To become an emergency room doctor, also called an ER physician, you need to complete at least three years of college, four years of medical school and a two- to seven-year residency. In 2017, the annual average salary of a physician was $208000, or $100.00, per hour. Prospective ER physicians have to take many tests along the way, including the Medical College Admissions Test and licensing and certification exams. Some doctors are also board-certified, which is an additional high-stakes exam. High school students who are interested in being ER physicians can take the right classes before graduation and participate in community service to be prepared for medical school. As you plot your classes, consider what to major in to become a doctor.

Science Courses

To get into medical school after college, you must perform well on the MCAT. This test focuses on biological and physical sciences, so taking as many science courses as possible in high school and college will start preparing you for medical school. Take advantage of any science electives that may be offered, such as anatomy and physiology. Some high schools partner with local colleges and universities to give students the opportunity to earn college credit while they are still in high school. Taking advantage of dual-enrollment programs can give you the opportunity to take advanced science courses for free or drastically lower tuition rates. This can significantly lower your debt load after graduation and slightly reduce the many years of college to be a surgeon. You will also get a taste of the academic challenge that college will provide.

High School Math Courses

You may be wondering what degree you need to be a surgeon. Math and science go hand in hand. An ER doctor uses math to determine the correct dosage of a medication or the rate that an IV should be administered. Physicians also need to understand how to read test results that are based in mathematical calculations. To perform well in many science classes, it is essential for you to have a strong mathematics background. High school students who are interested in the field of medicine should take the most challenging math classes that their school offers, which may include trigonometry, statistics or calculus. Given the advanced math and science skills that will be required in medical school, begin building a strong math foundation early.

Honors and AP Classes

To get into a good medical school, you need to have excellent high school and college grades.

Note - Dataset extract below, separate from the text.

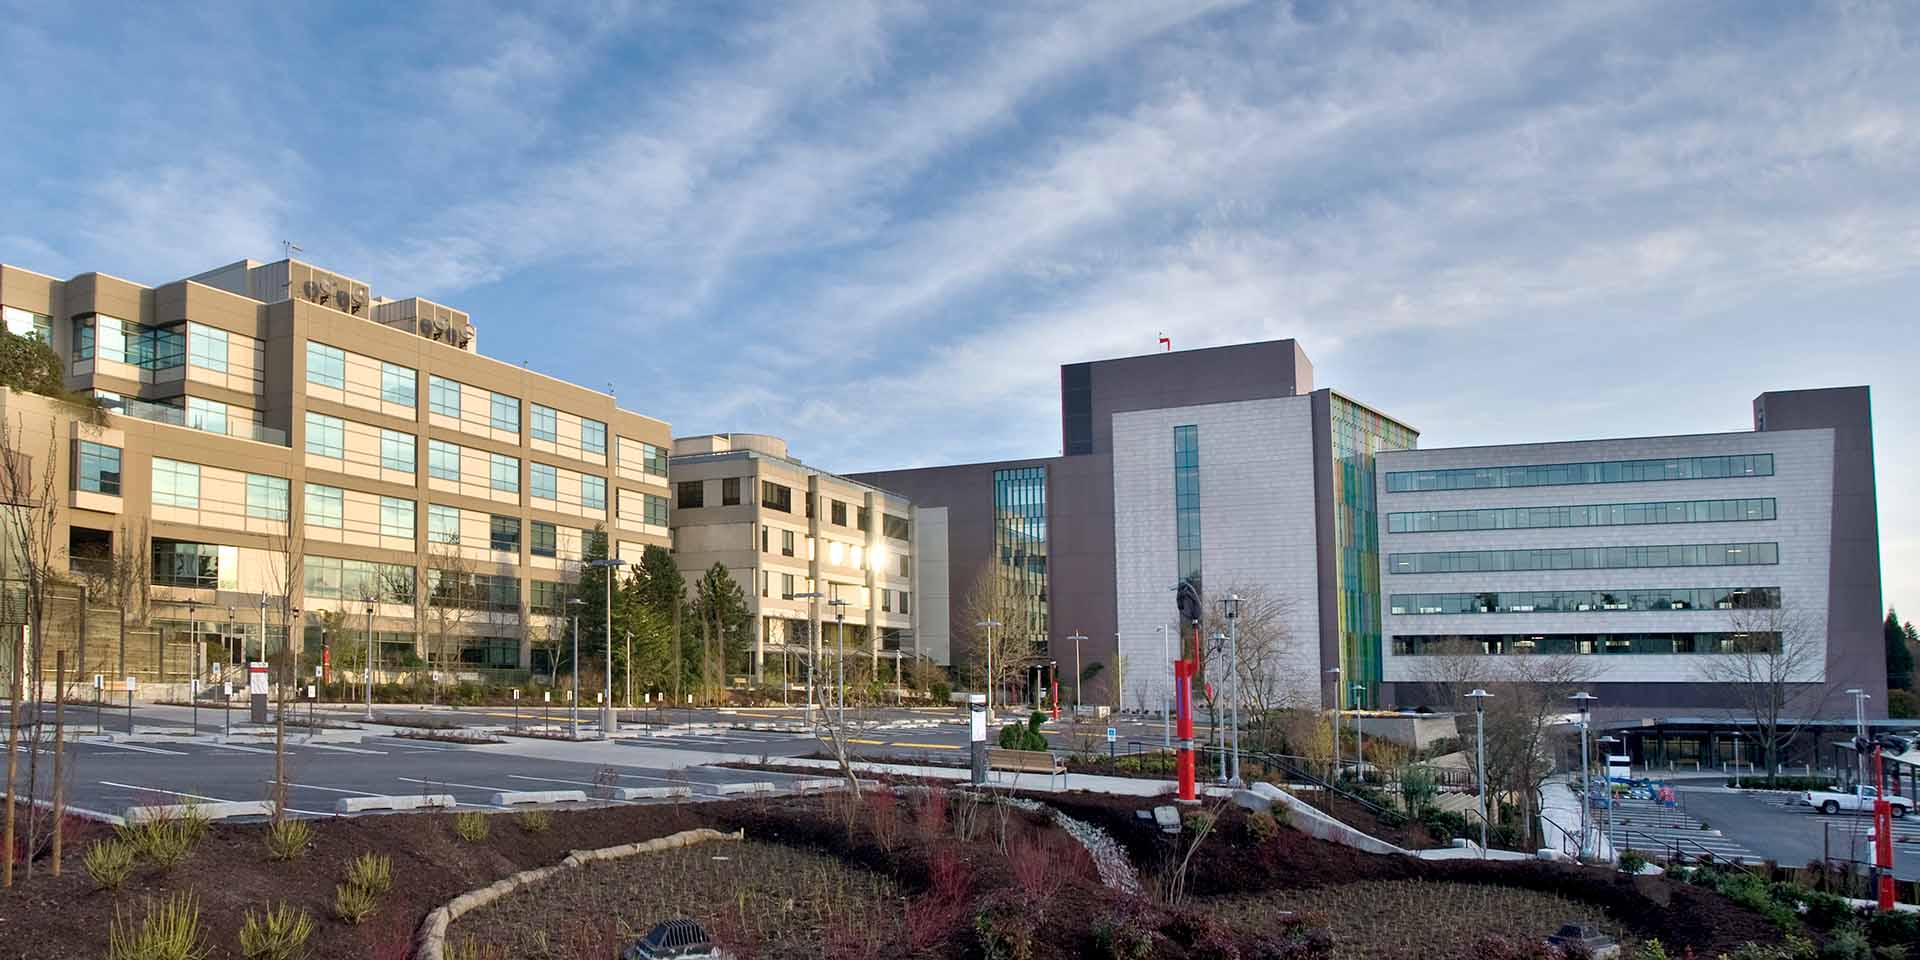 An exterior view of Seattle Children's Hospital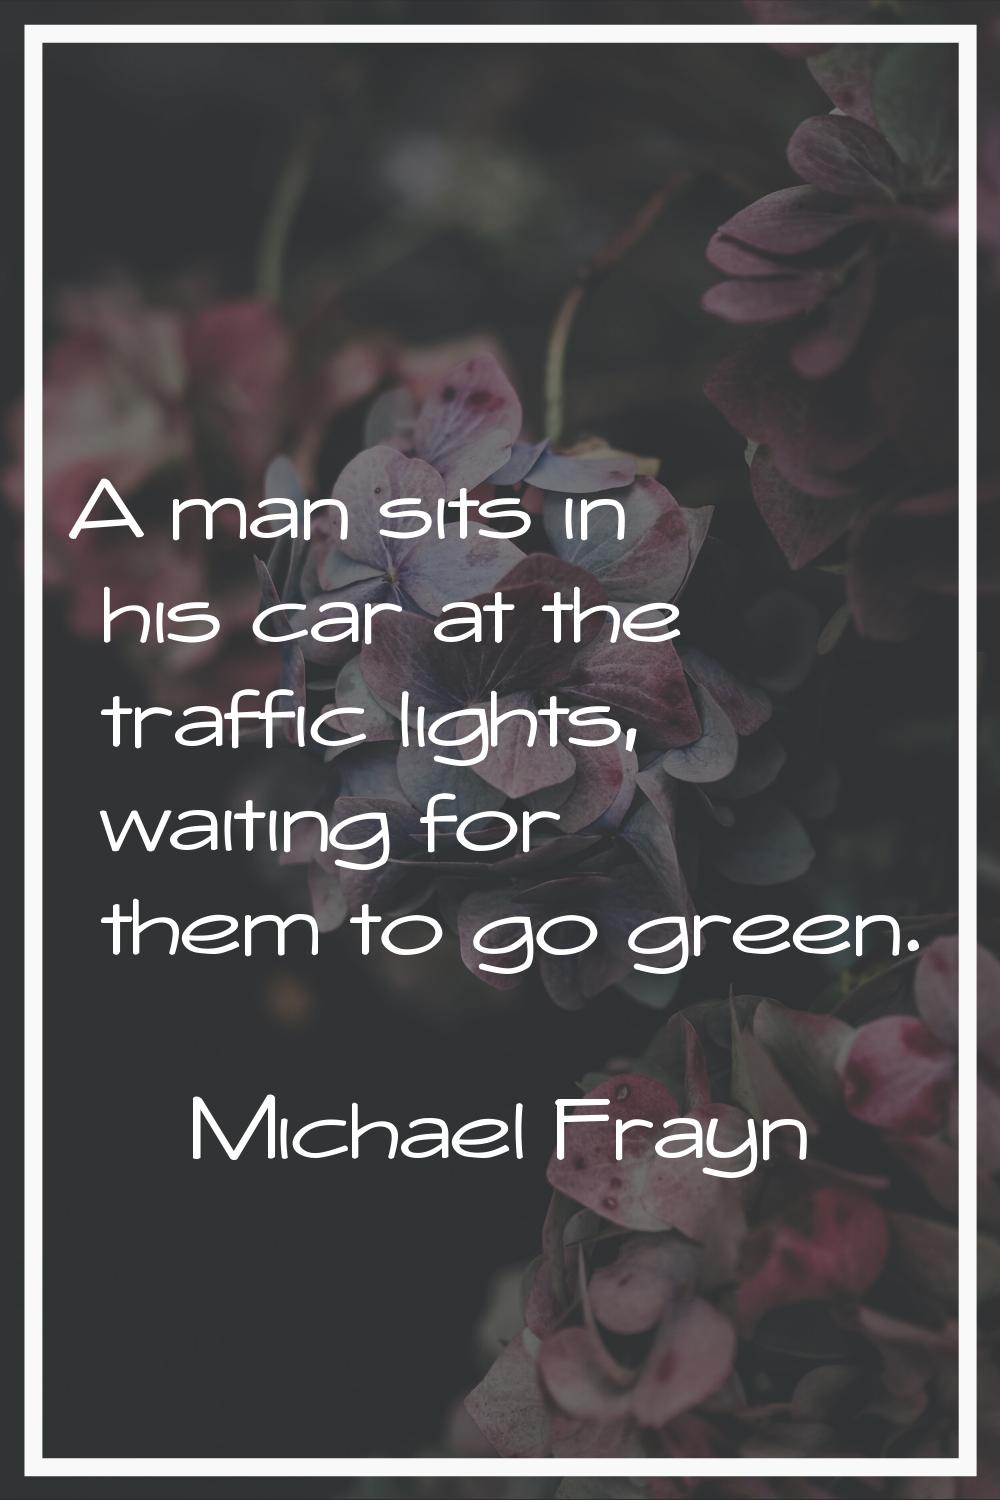 A man sits in his car at the traffic lights, waiting for them to go green.

Taking advantage of honors and AP classes in high school provides you with a more robust educational background, but many colleges give special consideration if your high school transcripts demonstrate that you have taken especially challenging courses. It is also possible to exempt some college prerequisite courses by taking and performing well on AP exams, which would allow you to accelerate your college education. Since becoming a physician is an expensive endeavor, taking AP classes can also help reduce your debt load and graduate more quickly.

Community Service

Begin engaging in a community service. Medical school admission committees will look favorably upon students that have give back to their community. Some high schools may offer service-learning courses or field experience courses that allow you to engage in your local community while you earn high school course credit. Participate in medical-based community service, which can include volunteering at hospitals, clinics, disaster relief organizations or blood banks. This will help you learn more about the medical profession and reassure you that medical school is the right choice. Non-medical community service and work with underserved populations are also important extracurricular activities if you are interested in being ER physician, according to PreMedLife Magazine.